Notes Book

Lawn Mower Man

In the movie, Lawnmower Man, the main character goes gradually from being in the bottom of the IQ range to the top. As the movie progresses, he begins to realize how people have been ripping him off, and that there is no reason he has to put up with that.

The information processing revolution has been gradually increasing the effective intelligence of the ordinary people of the world. As they begin to see the breadth and depth of the scams that are being perpetrated on them every day, they are coming to realize they don't have to put up with that.

The price of information is falling at a Moore's Law rate, and the price of publishing content is also falling exponentially. It's getting more and more difficult for the government to sell it's version of public opinion. That being the case we would expect there to be an accelerating rate of political change across the connected world, and that seems to be happening. And this could be only a beginning. Our integration of the new information technologies has only begun.

The recent upheavals in the Ukraine region have brought something new to the table. The police turned. I'm no expert on revolutions, but it seems to me that the usual course of events is for the cops not to give up until they have taken substantial casualties. Of course, it's not clear whether that cop cop-out is the beginning of a trend, but it is clear that we have seen a lot of clashes between authoritarian forces and large, leaderless flash mobs, and the flash mobs have won a surprisingly large percentage of the time.

The power of the lower and middle classes dwarfs the power of the one percent, but people power is not controllable by a central authority. If you are an enlisted soldier, you don't have the legal right to refuse to serve. But every other US Citizen has the right to walk off the job and not come back. Government doesn't want you to do that, and some countries have tried to make it illegal, but total authoritarianism is now know to be an economy killer. The Soviet Union and the Peoples Republic of China gave us a clue. And we also have North Korea as a reminder if we forget. If your want, you can join the underground economy, and probably get a subsidy from the government. You trade a higher paycheck for more personal freedom. There's the 40 hour lifestyle and there's the 24/7 lifestyle. Some people have jobs, but everybody works. If you think living on food stamps isn't work, you haven't tried it. Lyndon Johnson instituted this system in the 60's. It's beginning to loose its charm.

Here's a way of stating the fundamental law of economics:

Work less; fight more; become poor.

More authoritarian rules enforced by harsher and harsher penalties mean more fighting and less working. Fighting breaks the infrastructure, and erodes trust, and less working means less resources to fix the damage. It's a degenerative feedback loop that goes rapidly out of control once it reaches a tipping point. Unfortunately, there seems to be no scientifically verifiable method to tell when that point will come. What seems clear is that states all over the world are caught in this degenerative feedback loop.

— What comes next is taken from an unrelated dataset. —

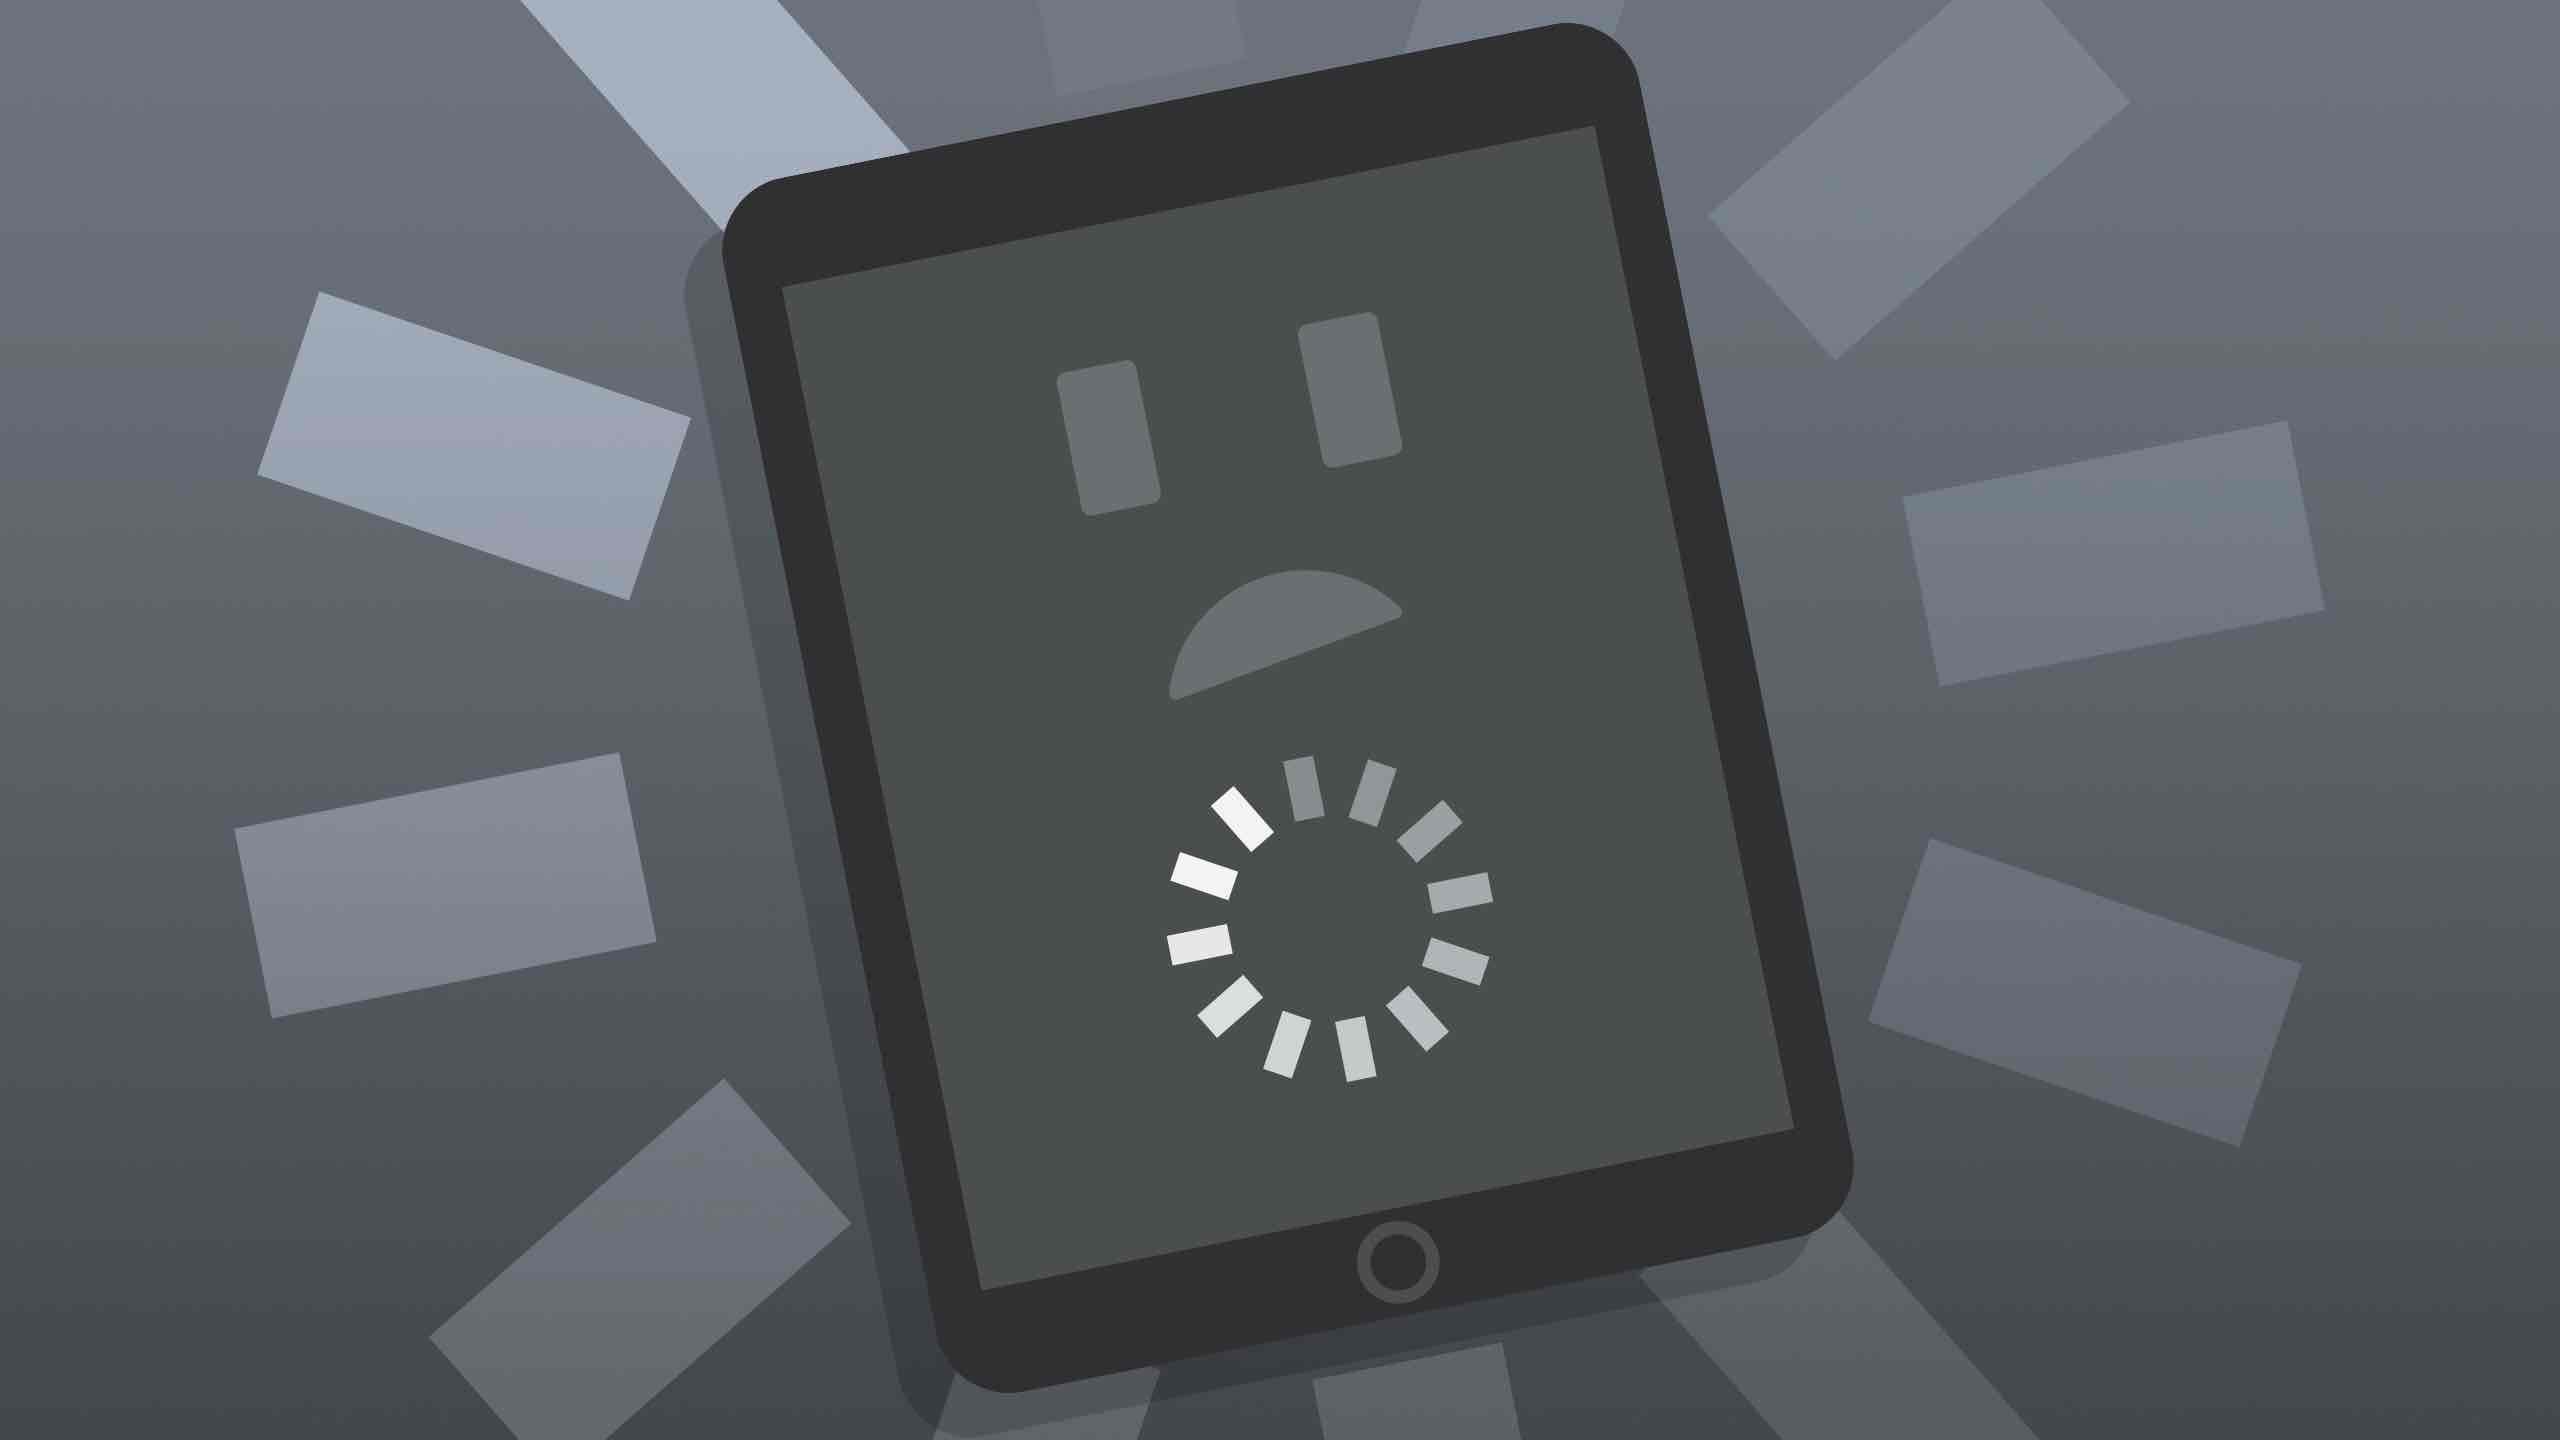 iPad Screen Keeps Freezing

I would think that even the most venal and corrupt upper class would want to keep things stable so they could retain their privileged positions. The US oligarchs have developed a host of criminally oriented wealth extraction strategies based on advanced mathematical and psychological techniques, but they have made their extraction technologies so efficient that they are causing the system to become unstable. A corollary of the fundamental law of economics is that crime doesn't pay. That applies whether it's state sanctioned crime or unofficial criminal activity. It seems that a society that has a large amount of state sanctioned crime also usually has a large amount of private crime, with the amount of state sanctioned crime at least a hundred times more than private crime. Think sales tax ripoffs at Walmart checkout vs getting mugged in the parking lot. It's not a matter of how clever the criminal is. The smarter he is and the more criminal actors there are, the sooner the the system will become unstable. The stability of the system depends on feedback loops and the feedback loops get disrupted when coercive and deceitful actions by the upper classes interfere with the content or bandwidth of the feedback.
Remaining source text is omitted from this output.